BEGIN

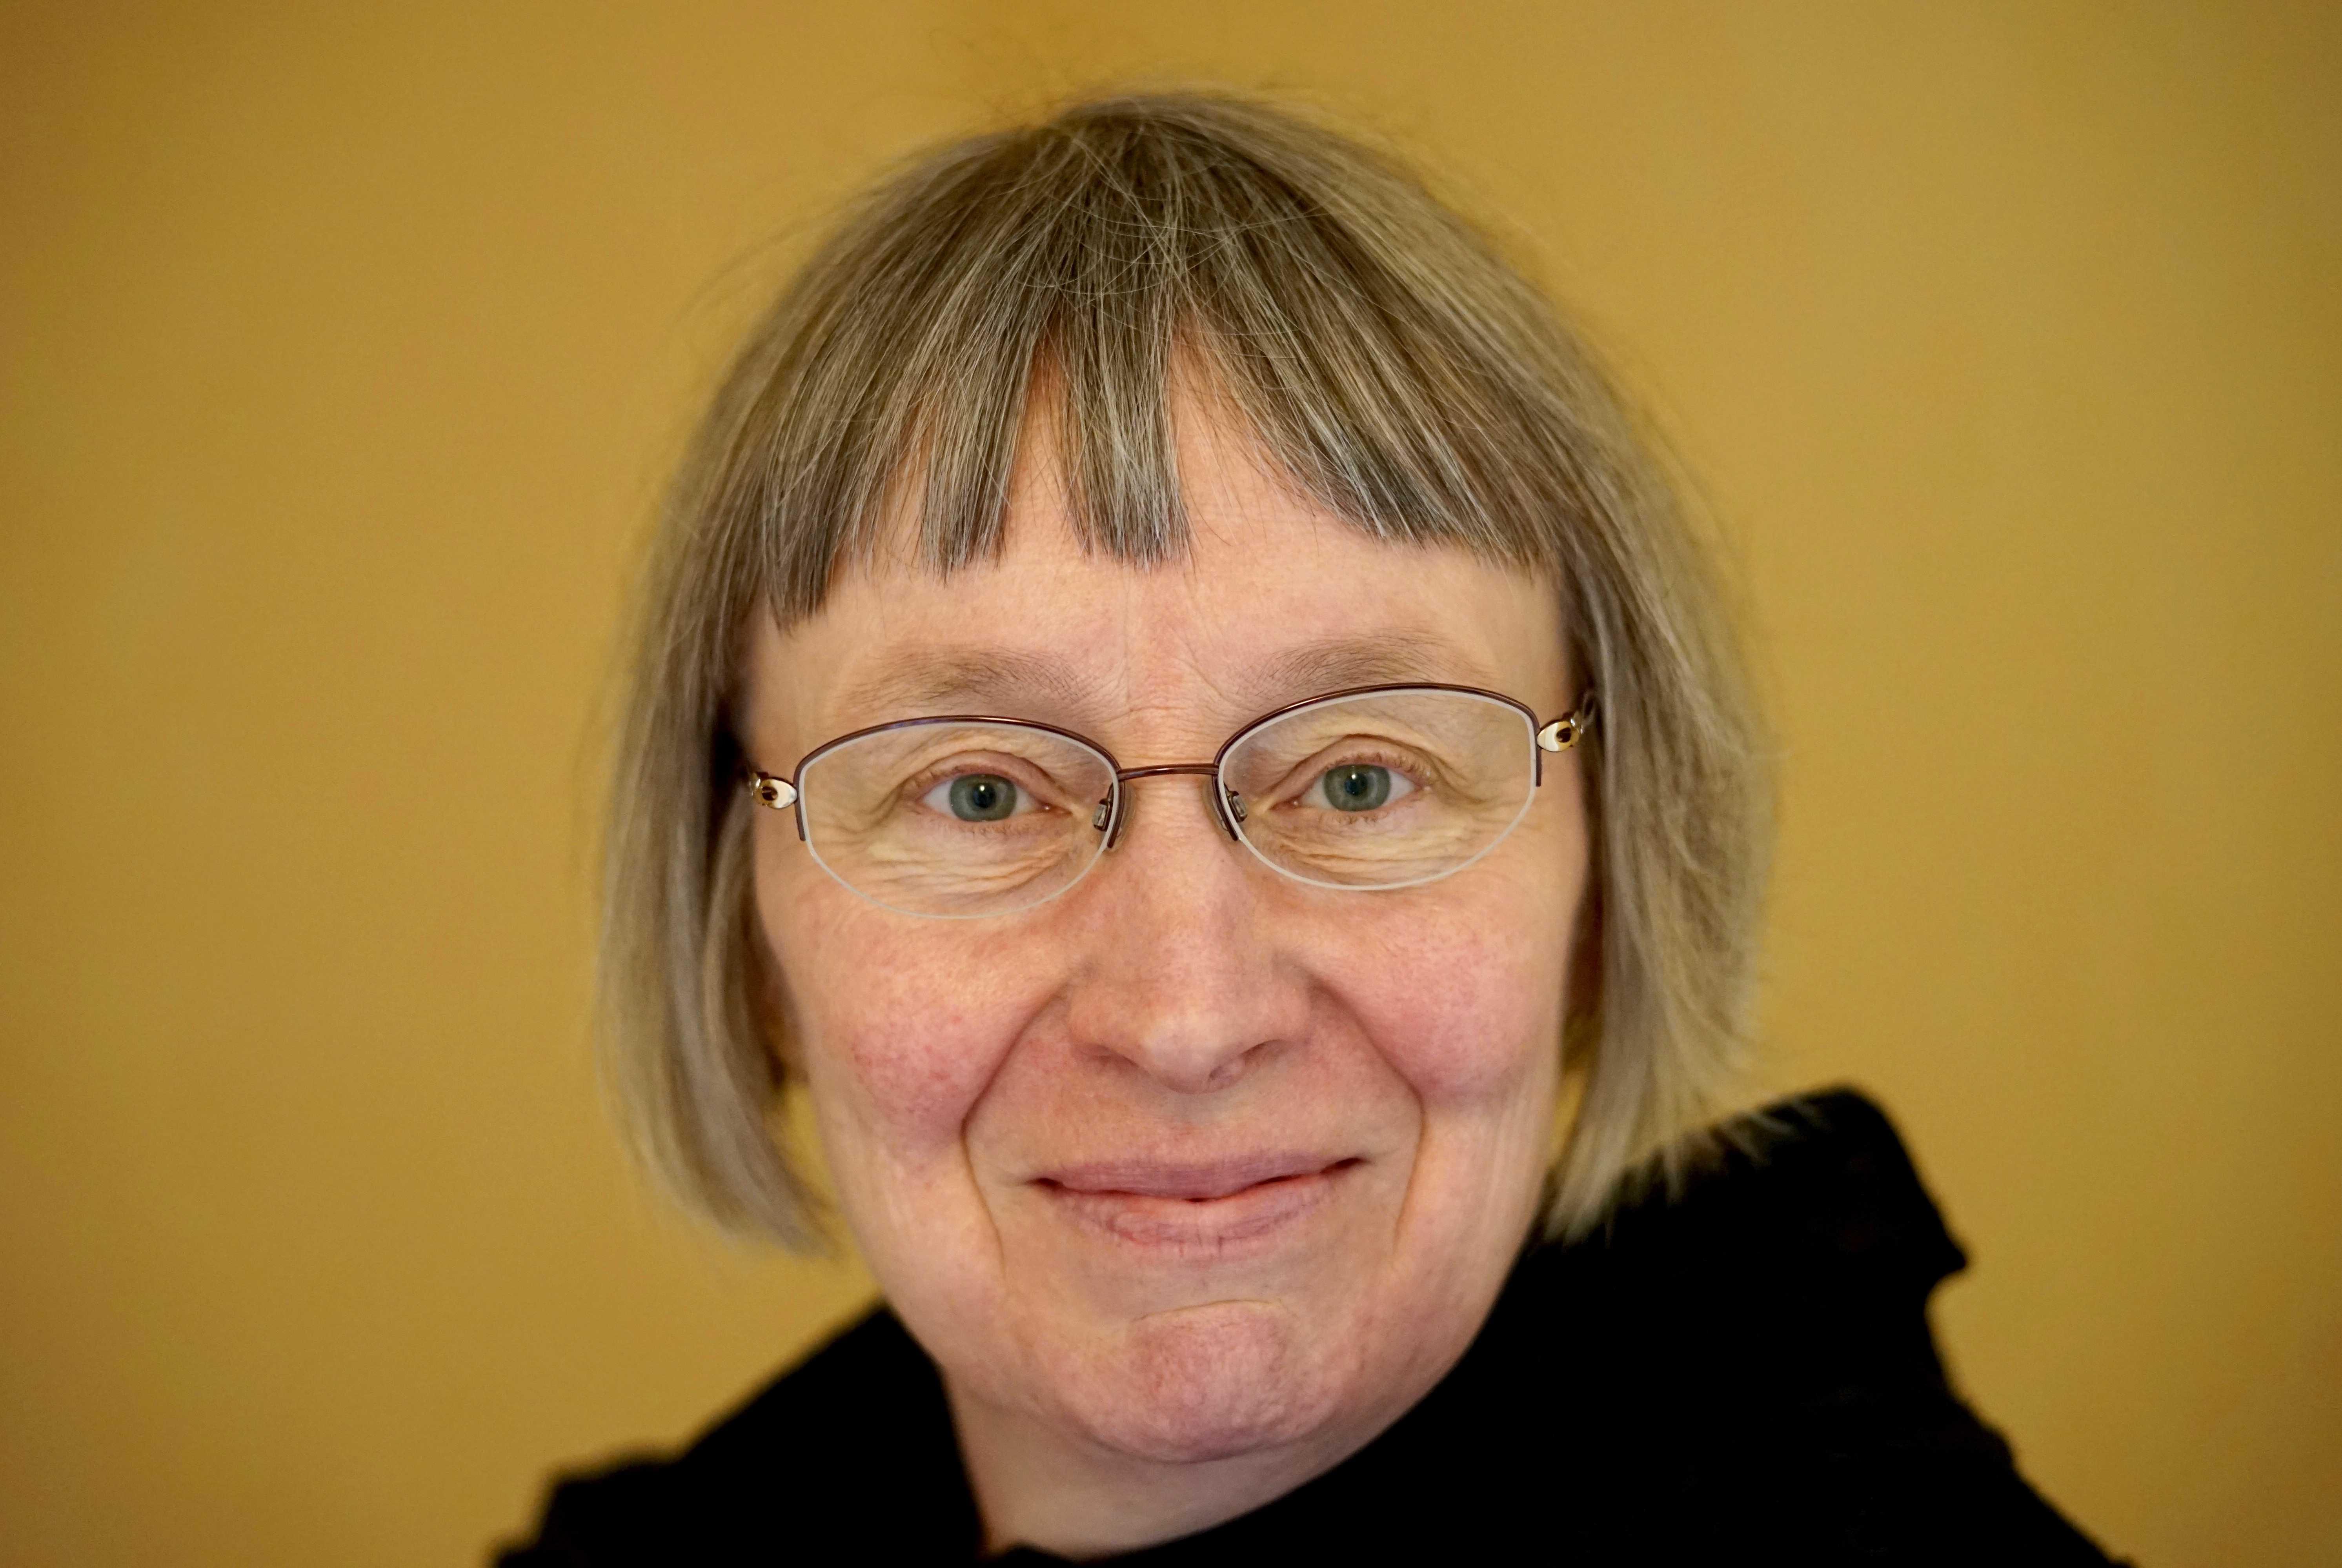 Kerstin Johansson
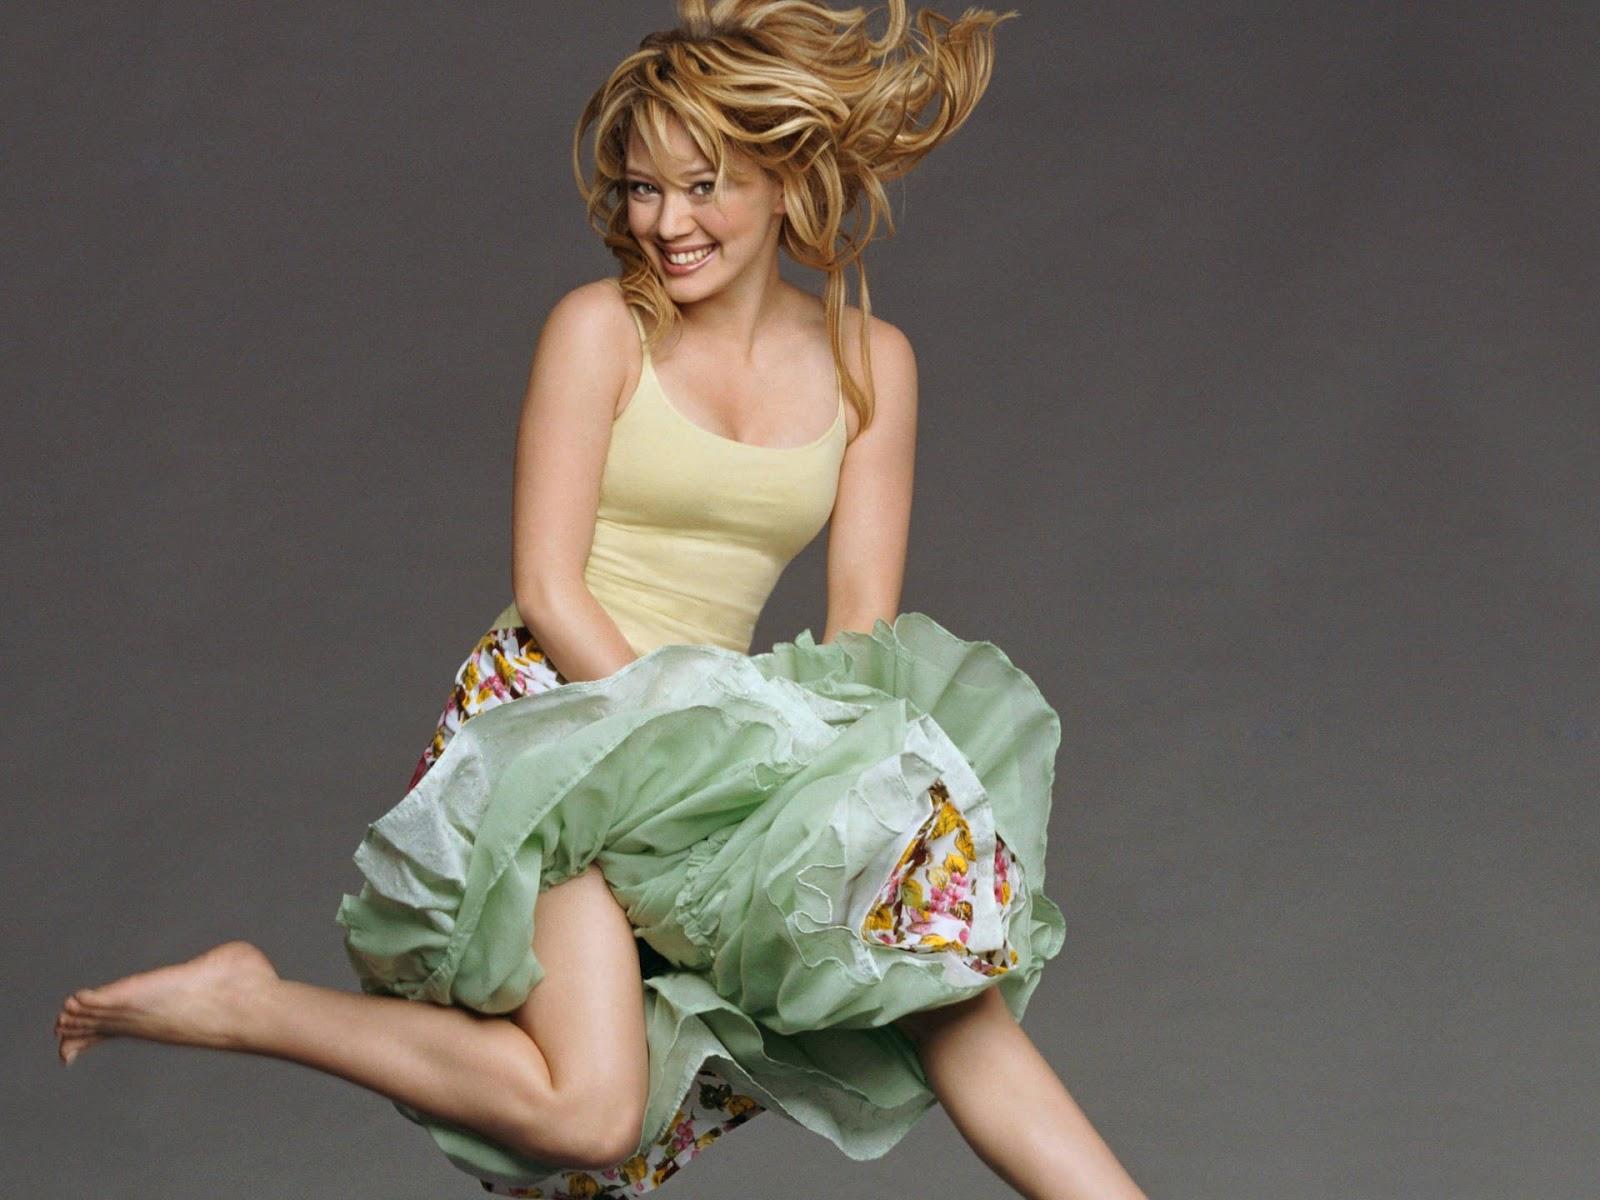 Hilary Duff Demi Lovato Judge
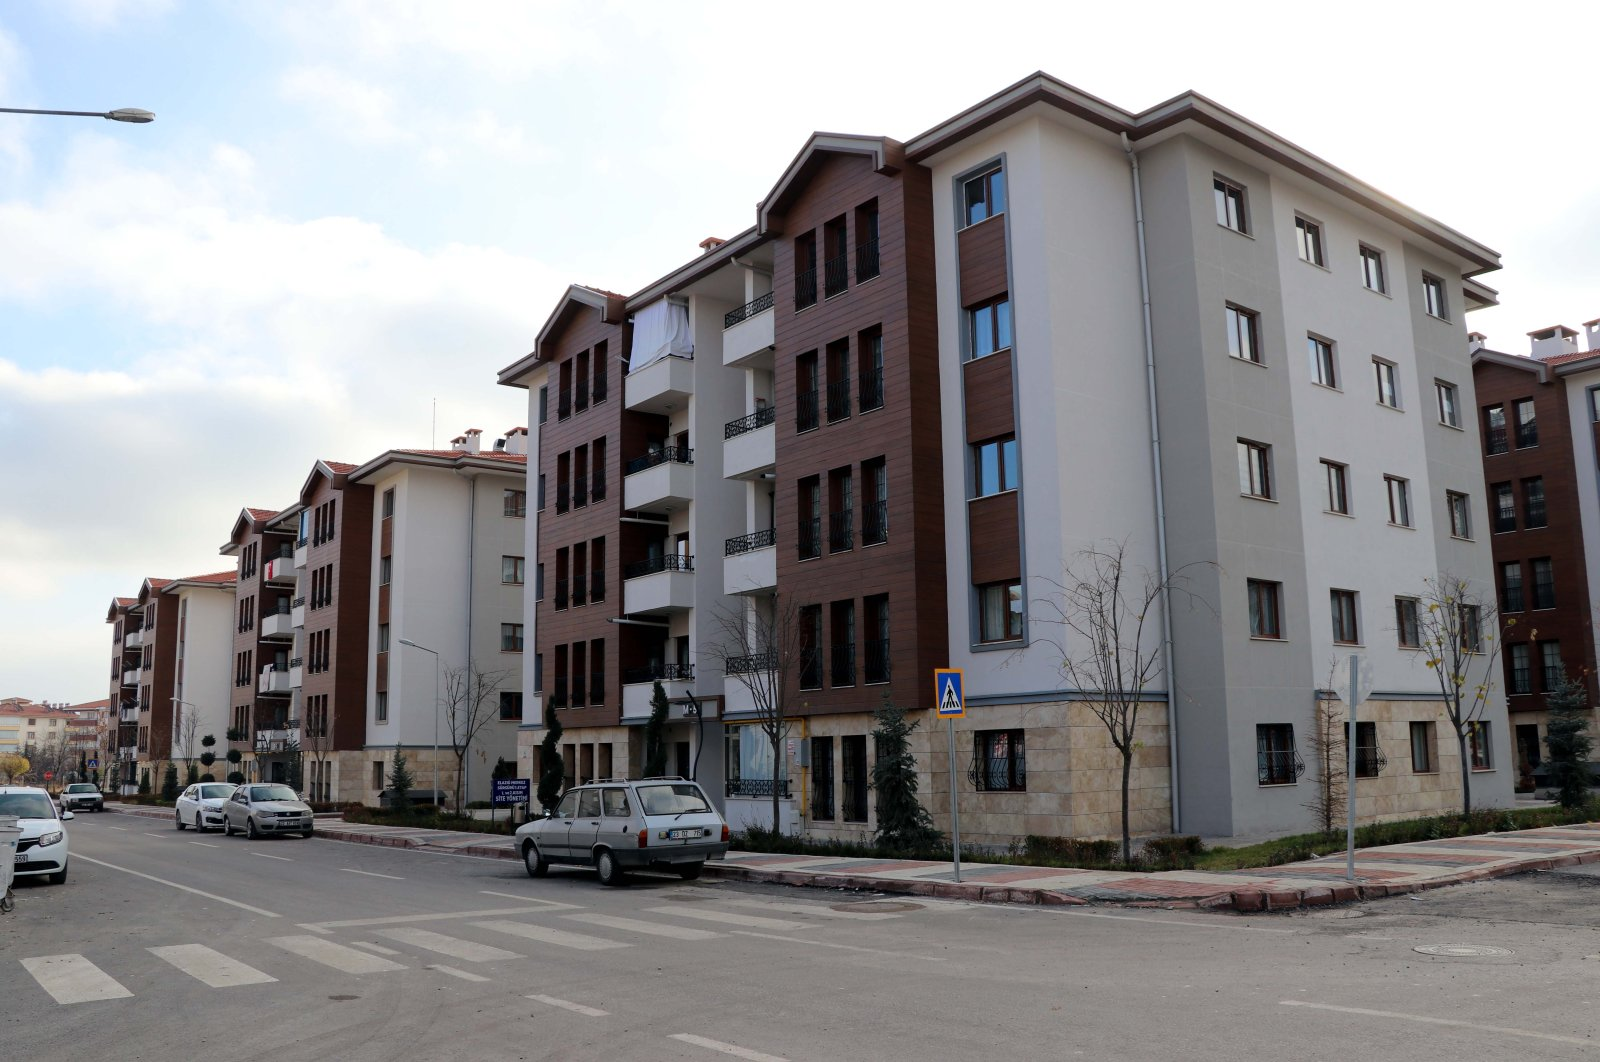 A view of newly built apartment buildings, in Elazığ, eastern Turkey, Dec. 29, 2020. (AA PHOTO)

END

Exercise ▸ An exact, image-free transcript of the material is required.

Solution to this problem ▸
 Kerstin Johansson
 Hilary Duff Demi Lovato Judge
 A view of newly built apartment buildings, in Elazığ, eastern Turkey, Dec. 29, 2020. (AA PHOTO)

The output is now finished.